Fibrouscavernous pulmonary TB (FCT) is a chronic form characterized by the presence of a fibrous cavity, the development of fibrotic changes in the lung tissue and foci of bronchogenic dropout. FCT can result from the progression of any other form of pulmonary TB.
For the early initiation of adequate chemotherapy of TB, rapid differential diagnosis of the latent and active stages of the disease is important. MicroRNAs (miRs) might play a major part in the outcome of TB, since early work has implicated miRs as regulators of the immune response.

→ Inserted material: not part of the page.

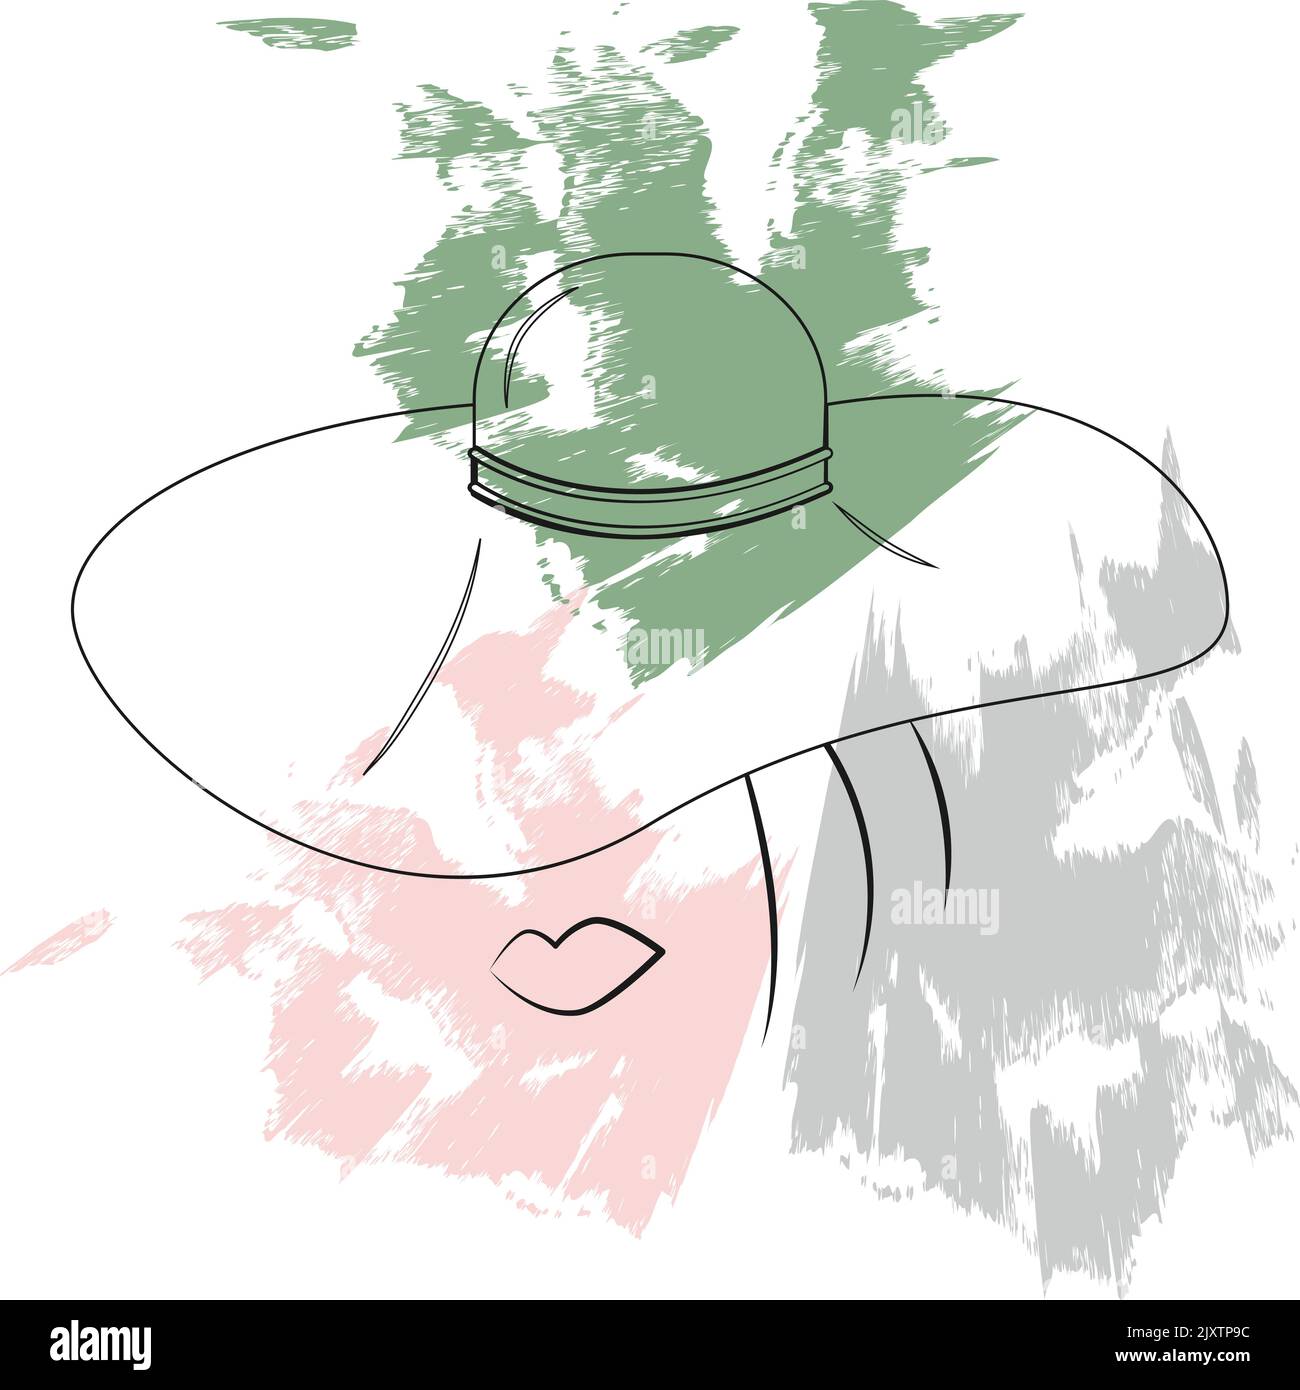 Eine abstrakte stilisierte Zeichnung eines Frauengesichts in einem Hut auf einem Hintergrund mit farbigen Punkten in trendigen Farbtönen im handgezeichneten Stil. Gliederung. Silhouette. Geeignet für Logo, Poster, Broschüre, Schild Stock Vektor

Aim: In this study we describe serum expression pattern of 5 selected miRs in patients with different variants of post primary TB. We analyzed their value as biomarkers of inflammation activity in TB patients.
Methods: Serum samples were collected from 30 patients with FCT, 30 patients with “silent” tuberculoma, 30 patients – tuberculoma with “decay” and 30 TB contacts. RNA was extracted with TRIzol LS. 3 pools of extracted RNA within each group were analyzed by miScript miRNA PCR Array (QIAGEN) to select the users miRNAs set and TaqMan RT-PCR Assay was used for data verification.
Results: The analysis by miRNA PCR Array displayed differences in the expression of the miRs in TB patients as compared with the control group, and between the three groups of patients with different forms of TB. Data verification using real-time PCR displayed significant differences in the miRs profile of FCT patients compared with the contact group. The most prominent results were identified in patients with FCT: serum expression of miR-222, miR-223, miR-191 was downregulated, and expression of miR-26a was upregulated. The expression profile of serum miRNAs in tuberculoma with decay patients resembled that of FCT group. In “silent” tuberculoma group miR-191 expression was upregulated and miR-155 expression was inhibited.
Conclusions: We demonstrated significant changes of miRs levels in patients with various forms of post primary TB. These changes involved miRs from inflammatory and the fibrotic pathways. Our data form the basis for the development of a set of biomarkers for post primary TB variants.
This work was supported by the Scientific Program SR 0515-2019-0018.